I've gotten a lot of questions about going freelance (how and where do you start?), so I thought I'd start post a few things I've learned along the way. This isn't foolproof, but it will at least give you some idea on what to do.
- How do you get started? The important thing is you have to start. For me I found contract work through a creative staffing agency to help build my portfolio. Sometimes I was a temp for an employee out for maternity leave, while other times I worked on a particular project for a certain amount of time. It also helped gauge my expenses and learned how much I needed to save until another project came along.
- Is this an easy thing to do? Nope. Sometimes projects end abruptly. On another hand they can extend longer than planned. The thing with freelance/contractual life is the uncertainty. Doing your best to plan accordingly is essential. Bonus, a lot of creative agencies take out taxes so you don't have to.
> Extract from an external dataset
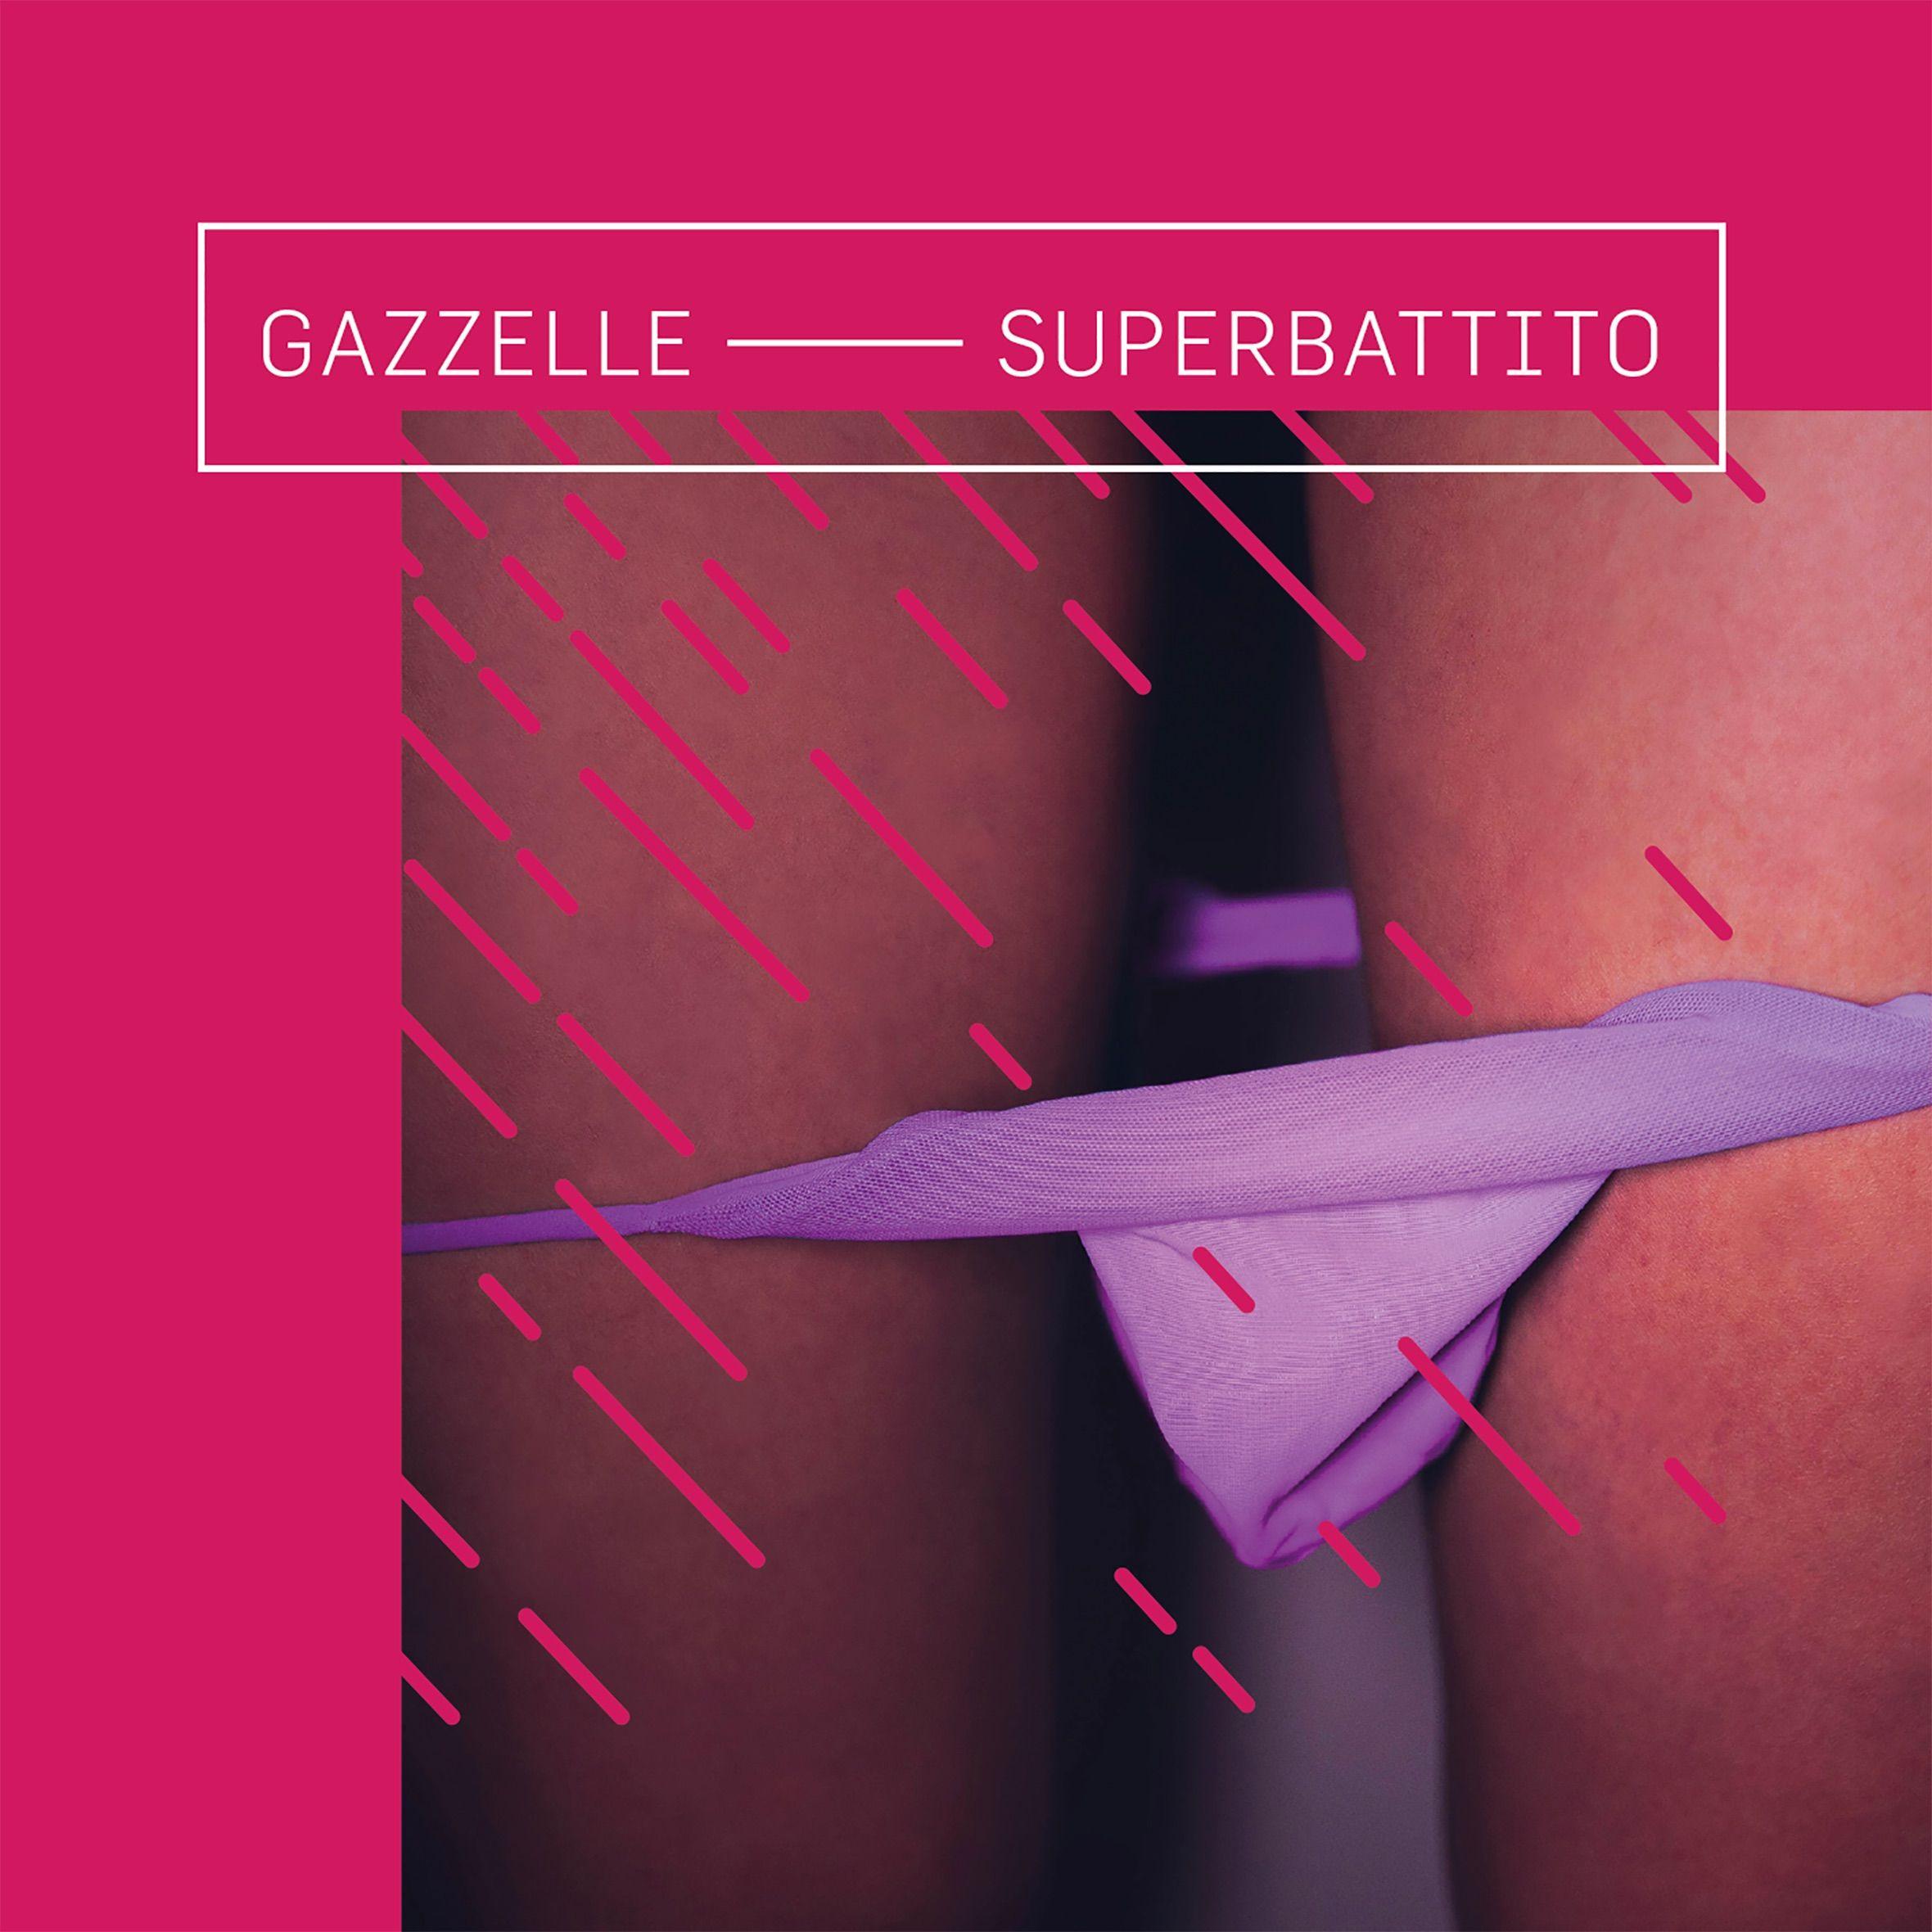 Gazzelle-Superbattito #Gazzelle #Superbattito #indiemusic #indiemusicitalia

- Side hustle. Everyday you're hustlin? You bet! I don't know many successful freelancers who work a "normal" 40 hours a week and are successful and I don't know one who has multiple things going on. Careful: Don't completely tire yourself out--it's all about balance. I have found we don't settle for just ONE thing (unless it's a big thing). This can range from selling things online (Etsy, Society 6, etc) to online courses or more.
- Networking. I hear the groan from fellow introverts and I feel you. You have to go out THERE with PEOPLE? Yep, but it doesn't have to be your entire life. And I find ways to network in non networking situations. If I'm working outside the home, I keep my business cards with me. Something about having a tablet in public strikes conversation about what I do and they usually know someone who needs someone, etc etc. My goal is to attend more networking events because face-to-face does work/help. But introverts, rejoice! Most of my networking has been online via Twitter chats and Instagram posts. Social media is great if used the right way. Post work you're working on, use (but don't abuse) hashtags.
- Patience. The first year and a half is the hardest because you're spending more than you're getting. This is normal. You're probably going to undercharge yourself (raises both hands and feet) and you'll realize it when it's too late. The good thing is, once you realize this, you'll fix it. You're going to learn some shortcuts don't help you and set you back. You're going to learn some do. You're going to LEARN, and the key here is to have patience while learning.
- Shortcuts Kill Progress. This should be 4.5 but this is lengthy so I'm making this its own block. There are a lot of posts and promises on the Internet with something along the lines of "nabbing the right clients in half the time with these easy tips," or "You can quadruple your income half the time by following this golden rule." No, nope, naw homey, it doesn't work that way. Being your own business person means you have to you have to make sure every "i" is dotted and every "t" is crossed, and it's your business with your name on it. If you mess up, it falls on you. There are some things to keep handy to help you with your process: mockups, stock photos, productivity apps such as Evernote, Buffer App, and Slack are perfectly fine. These are great tools for every freelancer to have and use. But if you're trying to delegate certain tasks you, the business owner, should be doing, you risk the chance of major setbacks.
- This is my plea to you: get the right tools to help yourself be more productive and organized so shortcuts aren't even an option.
Working on something that talks about my own freelance journey later, but I'd love to hear about your tips/how you got started.